Re: Re:
Benotti69 said:
kwikki said:
I meant in terms of Brits in cycling. Until the turn of the Century there really were just a small handful.
I think probably a lot of the home based pros in UK were of a similar bent to that of their EU competitors in the use of performance enhancement.
I have no evidence either way about UK domestic cycling way back when (although I'm pretty sure it's dirty as hell now). You may well be correct. The point I was making was really about the comparatively late popularisation of cycling in the UK, with a low participation in the pro end of the sport....and I do think that cycling was a particularly dirty sport before all the other sports caught up.
I do have some data on continental european cycling however. Tests conducted on Belgian cyclists in 1965 showed that 37 per cent of professionals and 23 per cent of amateurs were using amphetamines, while reports from Italy showed that 46 per cent of professional cyclists tested positive for doping (Donohoe & Johnson, 1986).
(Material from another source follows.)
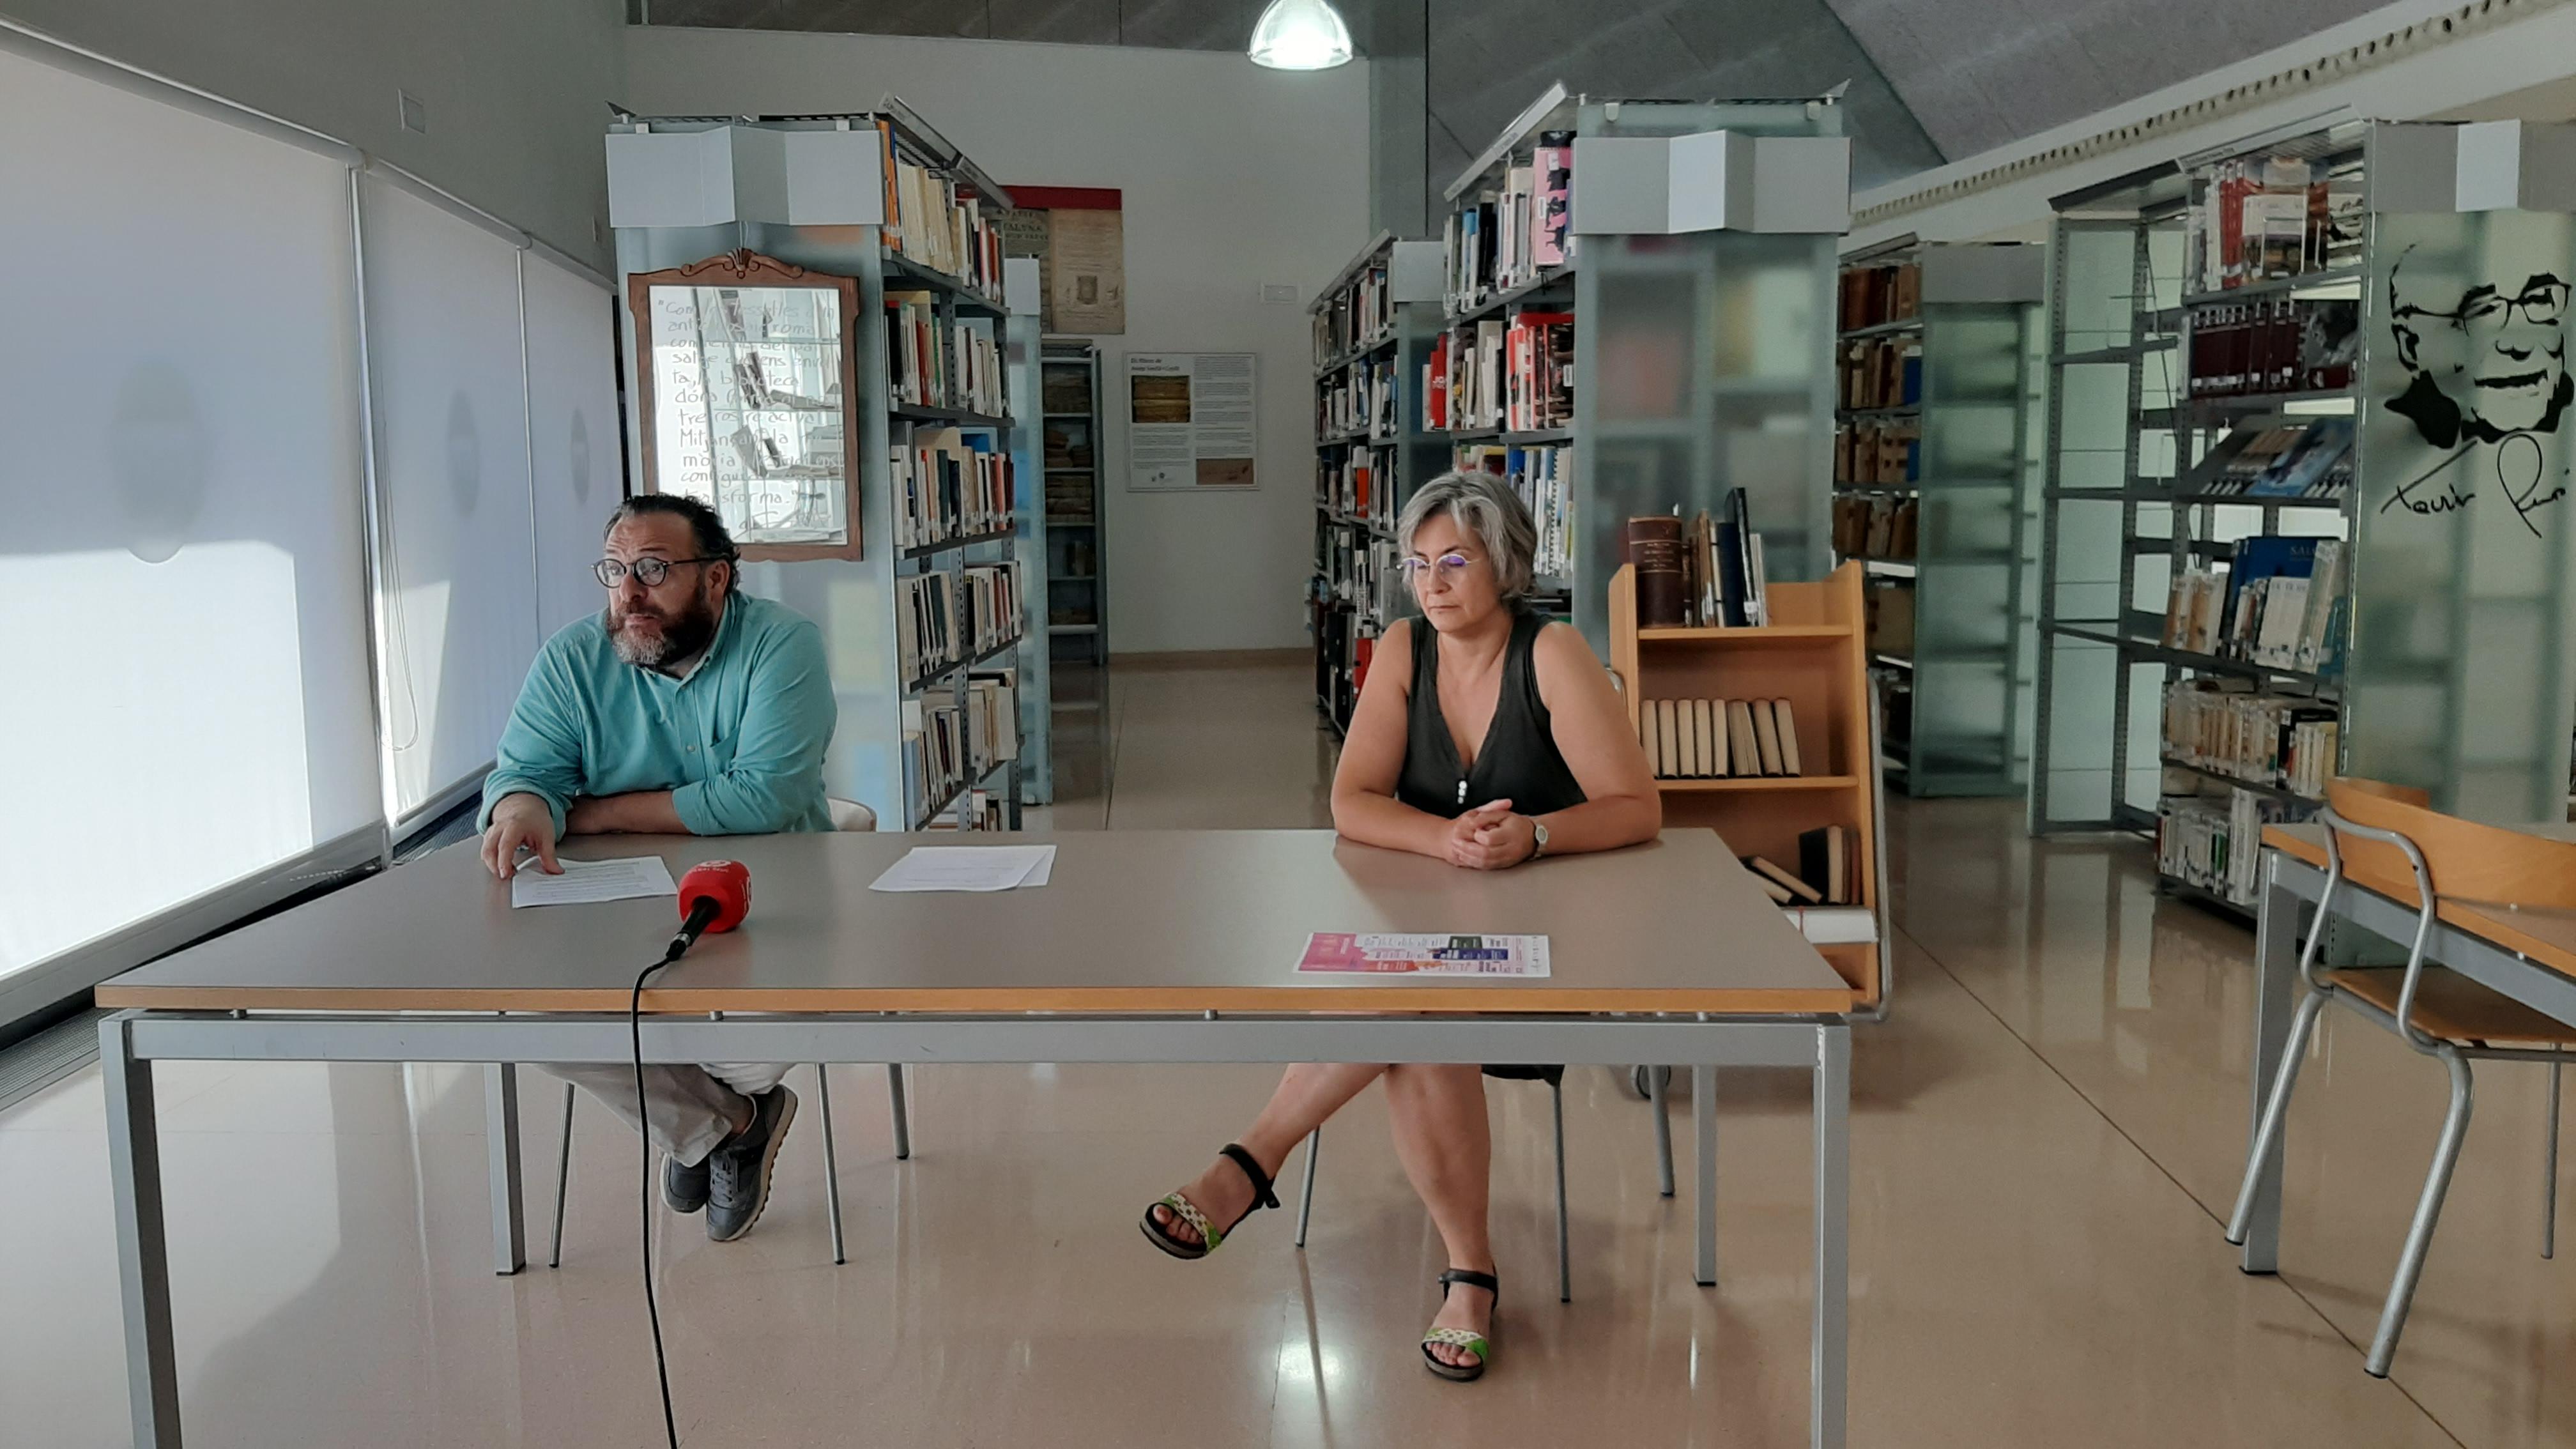 Les Biblioteques Municipals de Reus han presentat aquest matí el calendari d'activitats previst per als mesos de juliol i agost amb l'...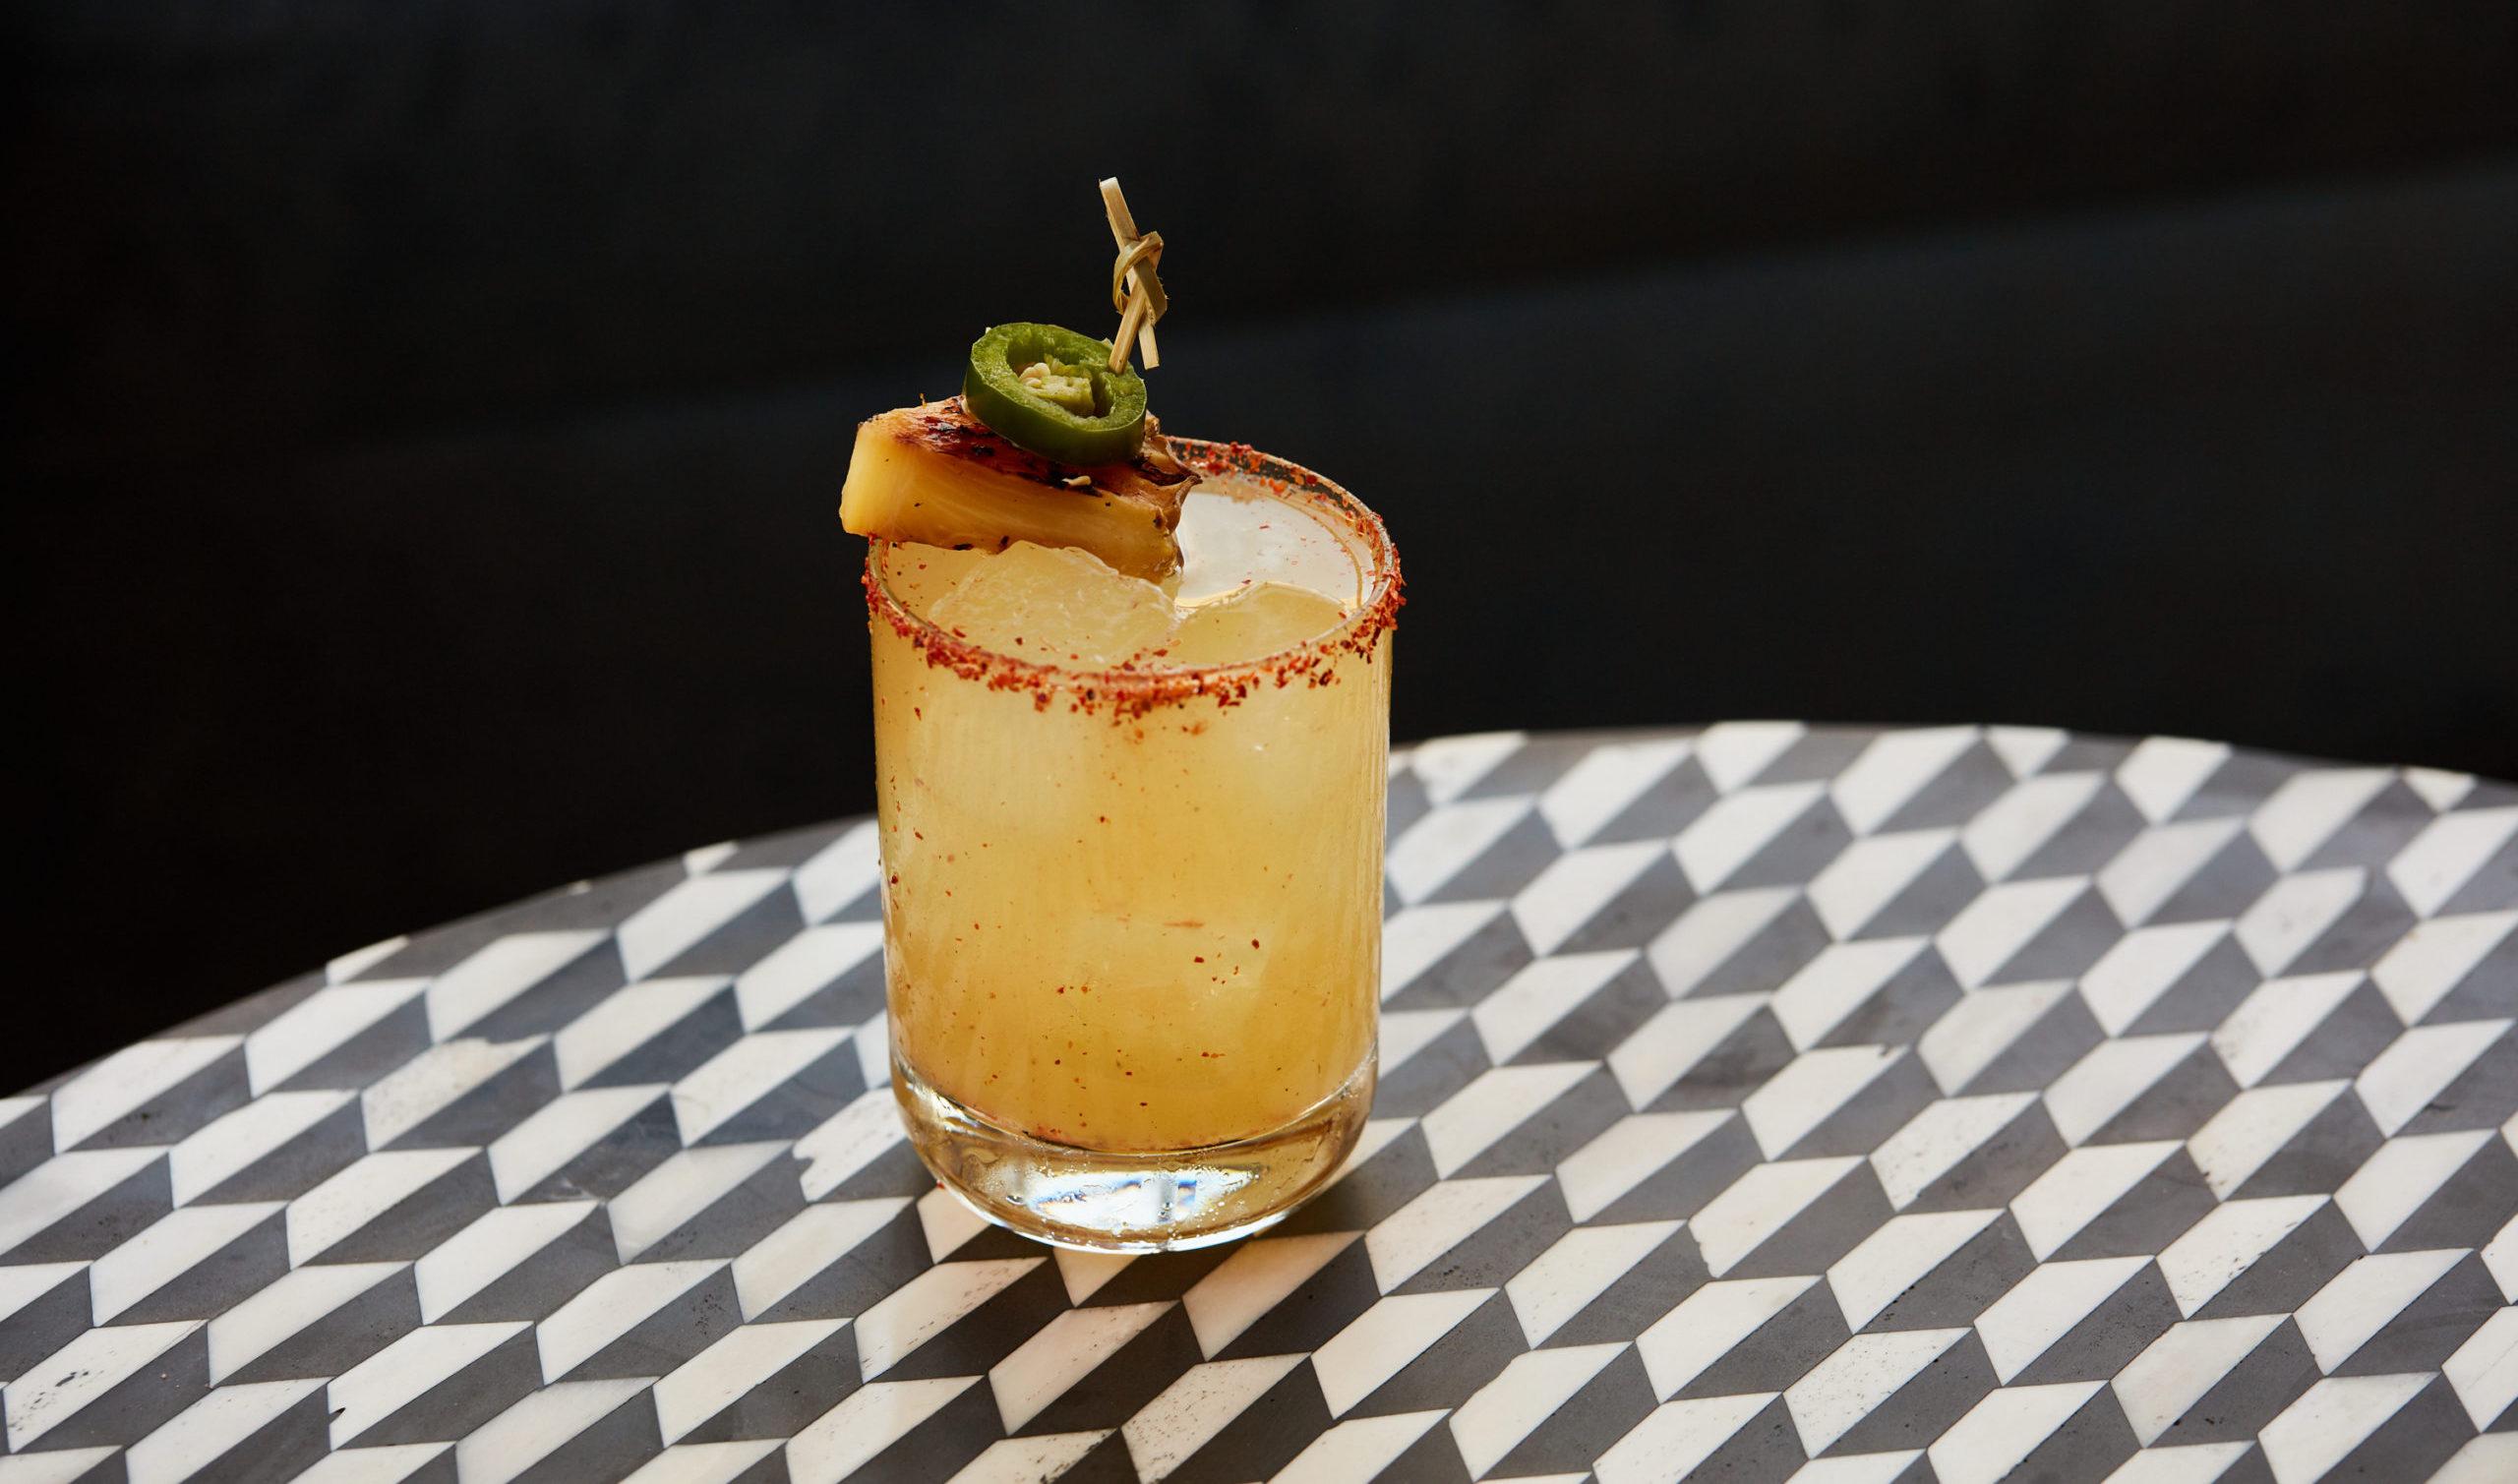 BORRACHO AMIGO cocktail

In 1967 Jacques Anquetil, a five-time winner of the Tour de France, stated: For 50 years bike racers have been taking stimulants. Obviously we can do without them in a race, but then we will pedal 15 miles an hour [instead of 25]. Since we are constantly asked to go faster and to make even greater efforts, we are obliged to take stimulants (qf. Gilbert, 1969b: 32).
I guess the point I'm making is that you can't blame any given nation for the onset of doping. Sky didn't invent it, Armstrong didn't invent it, nor did Festina.
It started when sport started. The ancients used all sorts of stimulants. Anabolics date back to the early 20th century. It is nothing new.
I think Sky can be pretty irritating with some of their pronouncements, but it is no less patronising than Contador's steak story. And if comparisons are to be made with USPS (and I can see why they are) then we have to accept the good and the bad and acknowledge that at least they aren't as far as we know suing people left right and centre, calling people prostitutes and drunks, and trying to crush naysayers businesses. Small mercies, eh.